Athena: a scheming, cunning, genius woman, Athena is the mastermind behind every battle. Goddess of both wisdom AND war.
Women can be smart. Women can be warriors.
Aphrodite: a gorgeous woman, beautiful beyond belief, she was married off to a man she did not love. She refused her husband, and is with the chaotic man she truly loves. She loves romance novels and tragic love stories without your permission or stereotypes.
Women can be independent. Women can be beautiful. Women don’t have to love you because you say so.
Persephone: she is Queen of hell and goddess of springtime, drawing the line between death and rebirth. She loves her husband and mother, but refuses to let anyone tell her who to be or where to go.
Women can be sweet. Women can be brutal. Women can be complicated.
Hera: a practical woman, she is the goddess of marriage, her husband is always off fucking mortals. And she always makes sure he pays for it. This doesn’t stop her from being a fair queen, even more of a ruler than her husband.

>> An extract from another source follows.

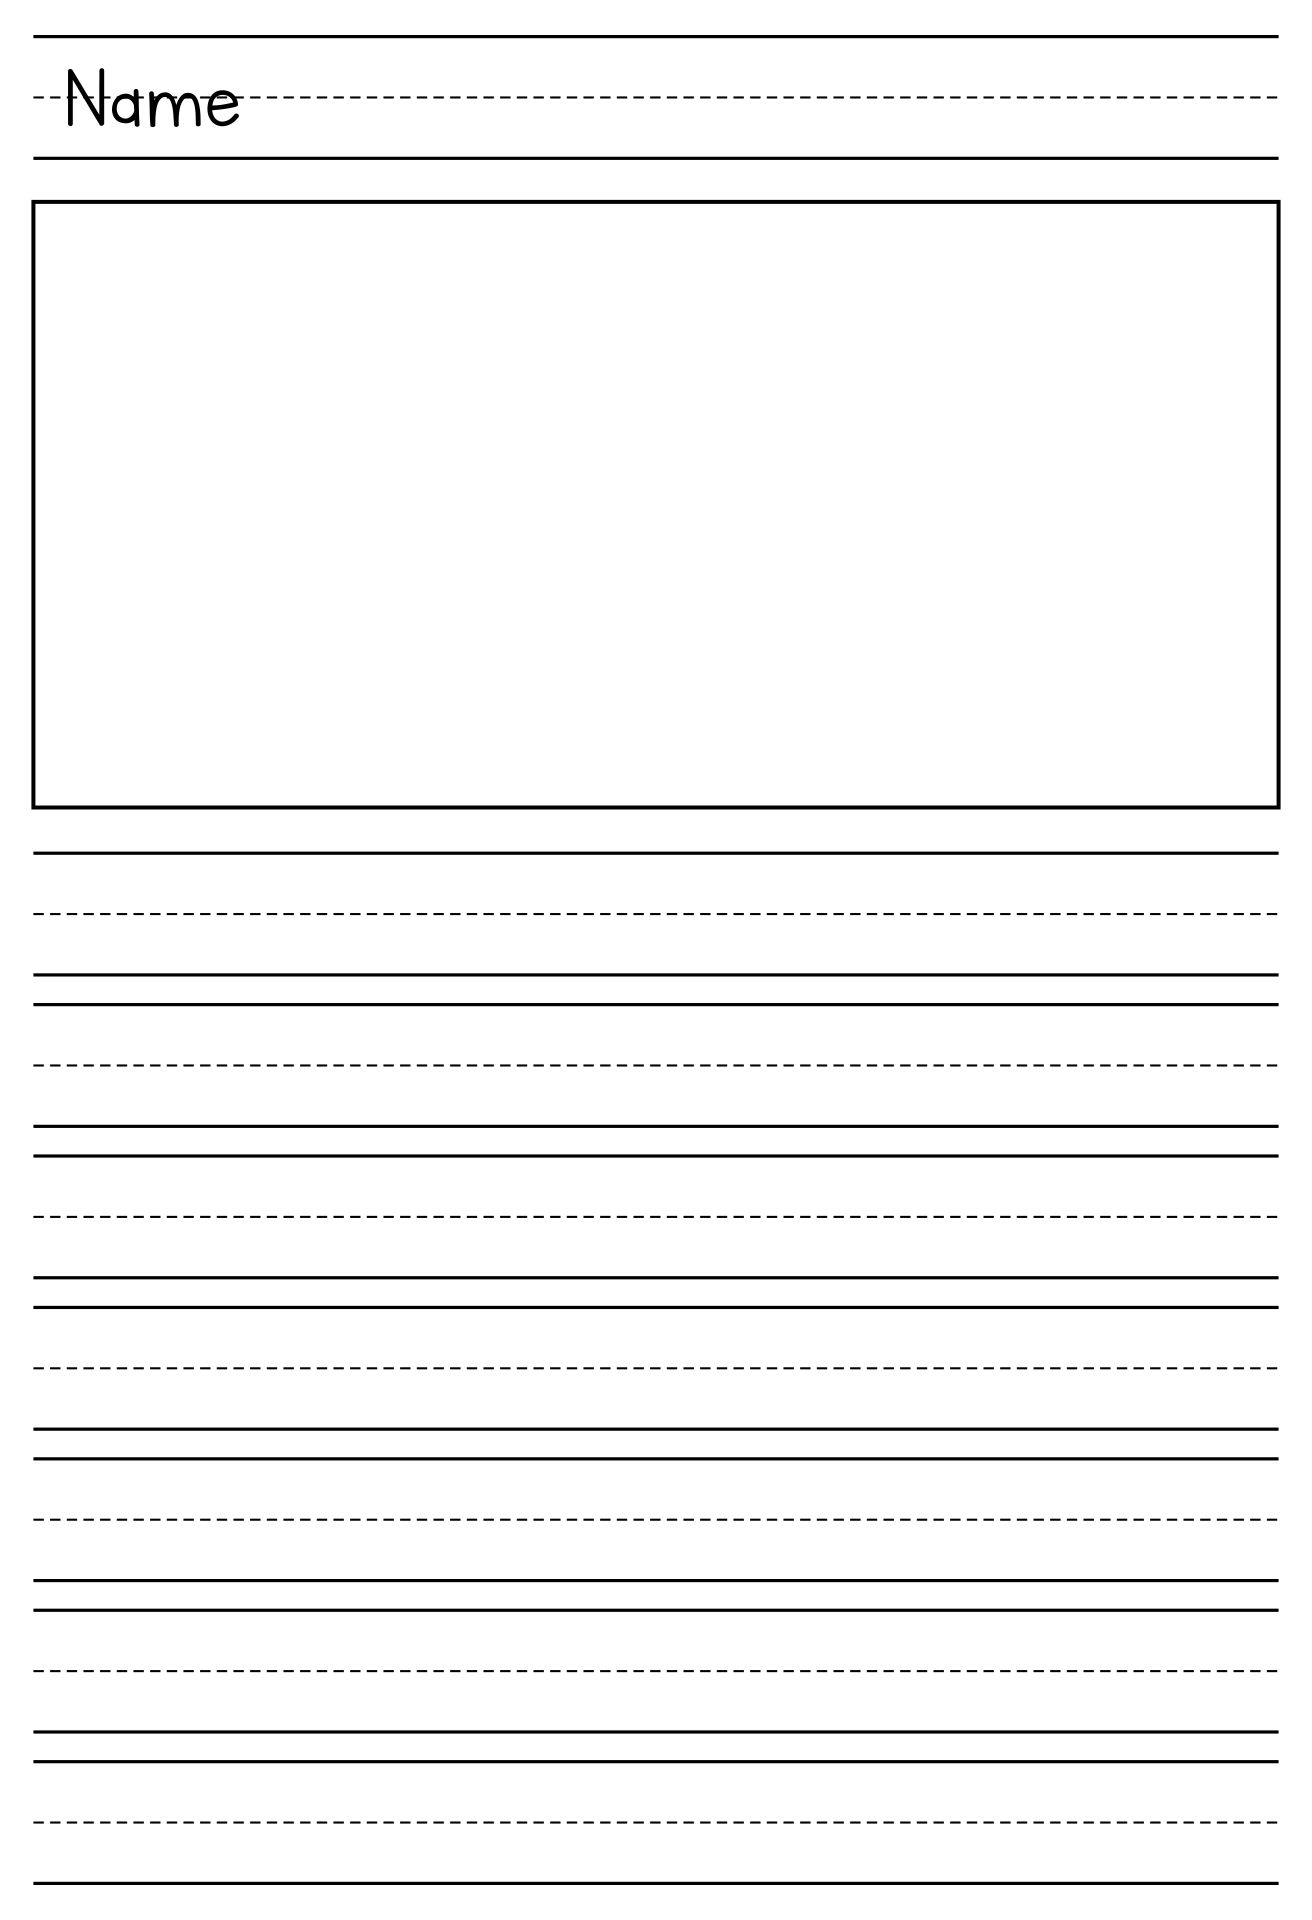 Free Printable Lined Paper Kindergarten Printable Form Templates And Letter

Women can be powerful. Women make their own choices.
Demeter: a farm girl at heart, she rules the harvest, her mere emotions causing the seasons. Her daughter eloped with the god of death, and she misses her every day. She loves her loyal farmers and the crops they tend.
Women can be nurturing. Women can be depressed.
Hestia: a goddess of small renown, Hesta gave up her spot on the council to Dionsynius to keep order. She is the goddess of the hearth and home, fire and family. She represents the controlled chaos of a fire in the fireplace or a family in their home.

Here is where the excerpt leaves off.